Work item:
From the listing below, copy only the lines from the line that contains "Девушка в прыжке - Girl in jump" to the line that contains "Guzmania subcorymbosa wikidata", counting those two lines as part of the copy.

Available records:
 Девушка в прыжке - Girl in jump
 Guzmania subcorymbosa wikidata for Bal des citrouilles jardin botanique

...

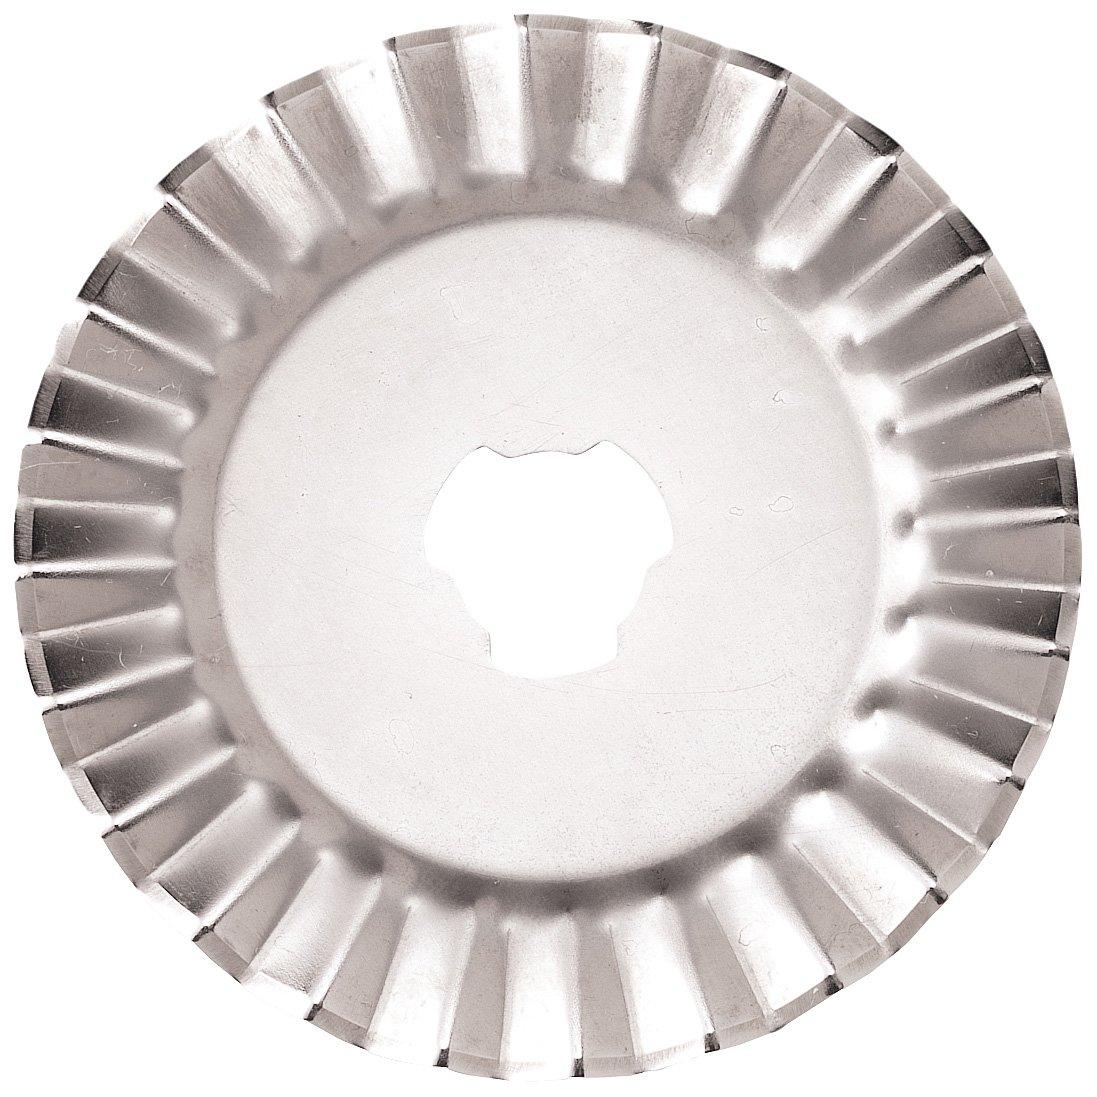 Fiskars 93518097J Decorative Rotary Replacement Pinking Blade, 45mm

Finished exercise:
 Девушка в прыжке - Girl in jump
 Guzmania subcorymbosa wikidata for Bal des citrouilles jardin botanique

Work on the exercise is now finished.